◆ ENTRIES SHOWN ◆
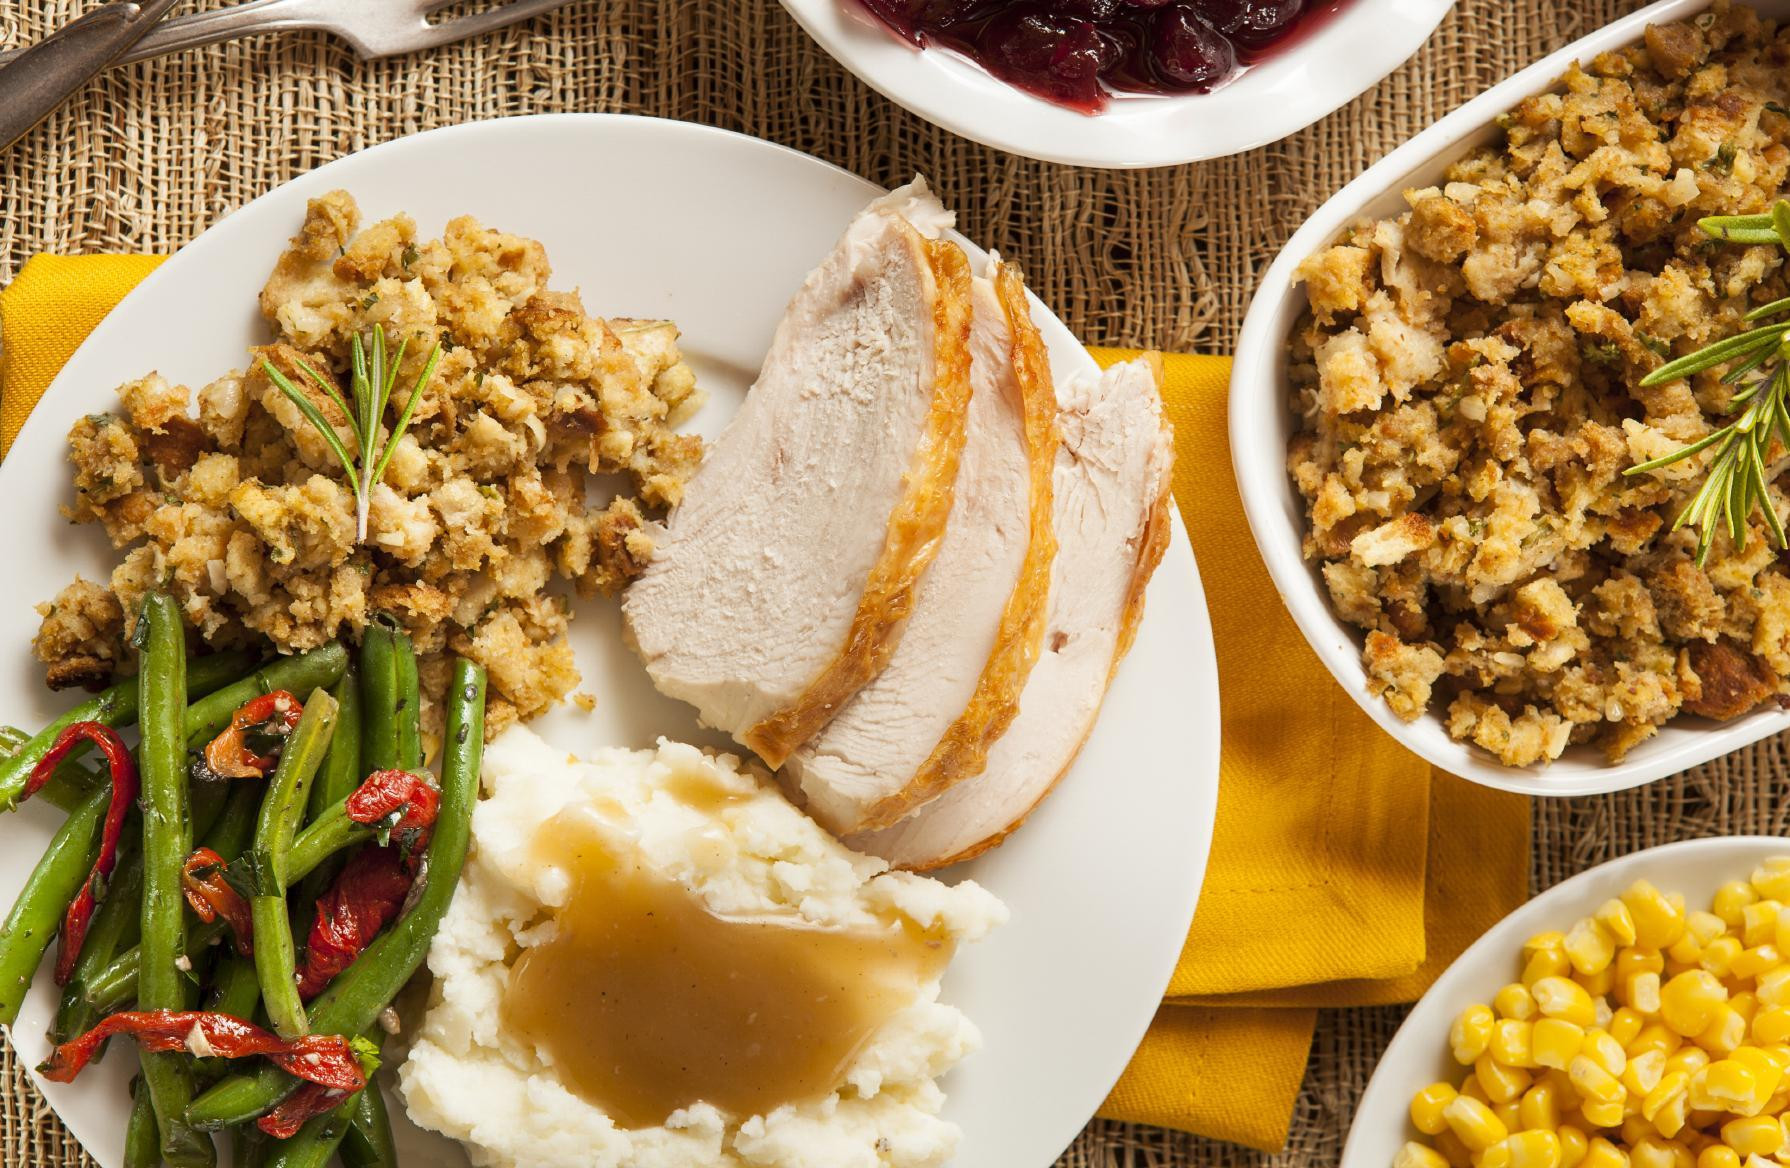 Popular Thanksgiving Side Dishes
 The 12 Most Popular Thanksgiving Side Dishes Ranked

==

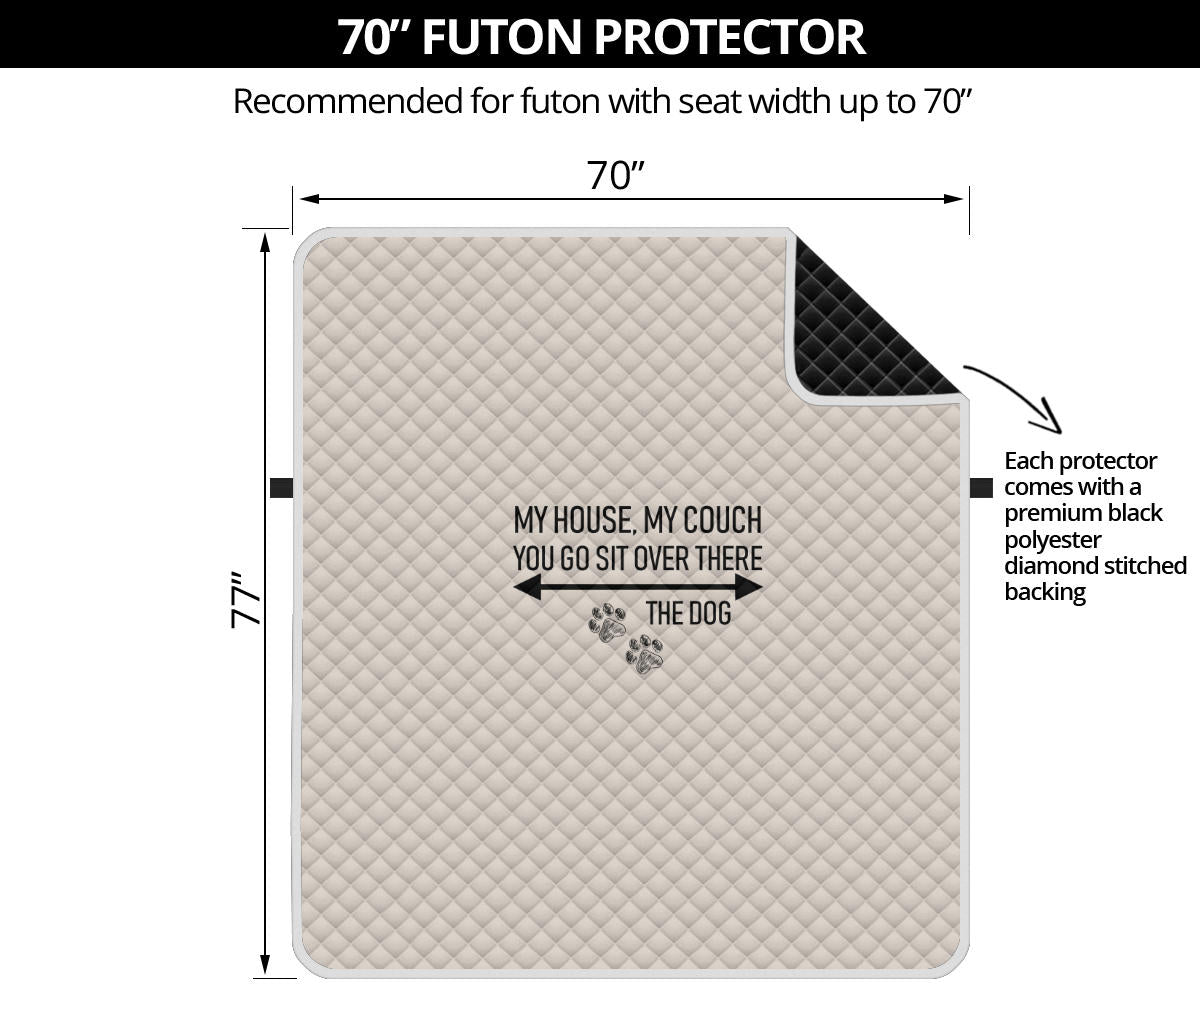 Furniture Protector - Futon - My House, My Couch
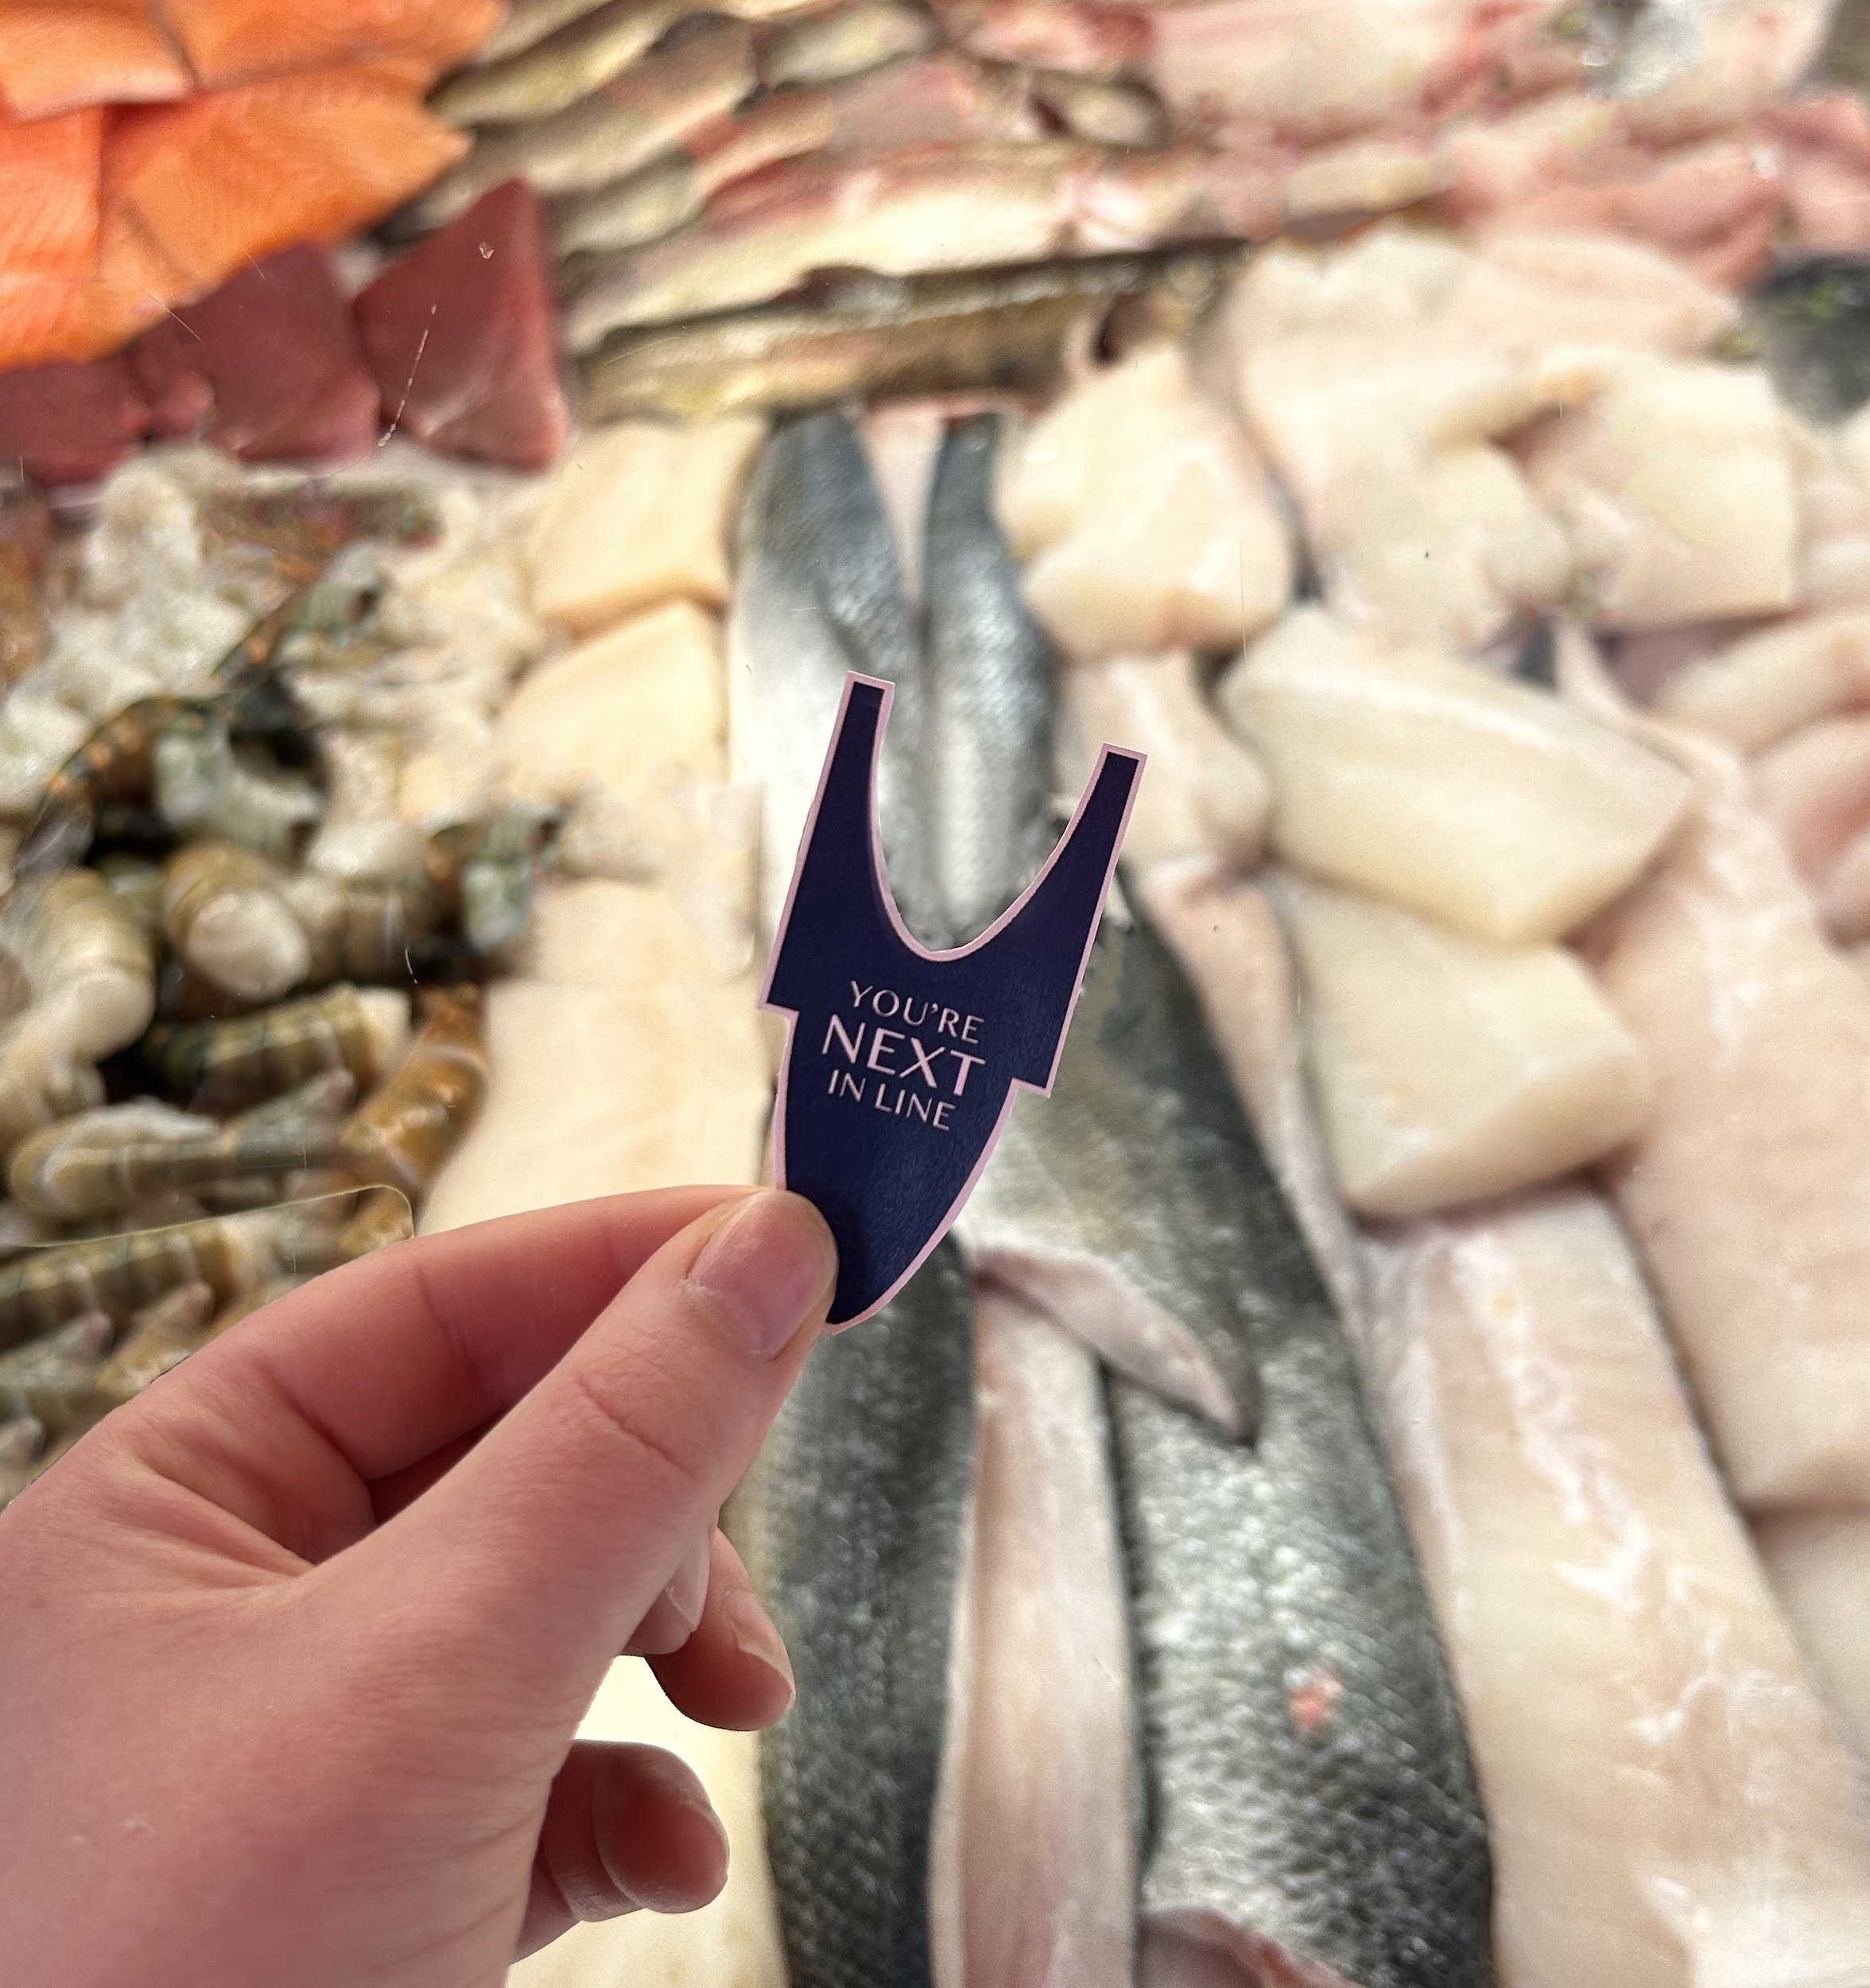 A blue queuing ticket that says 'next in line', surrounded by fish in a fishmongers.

◆ TASK STATEMENT ◆
Range to copy from the listing above: the line with "Furniture Protector - Futon" through the line with "A blue queuing". Transcribe it exactly and skip the pictures.

◆ RESPONSE ◆
 Furniture Protector - Futon - My House, My Couch
 A blue queuing ticket that says 'next in line', surrounded by fish in a fishmongers.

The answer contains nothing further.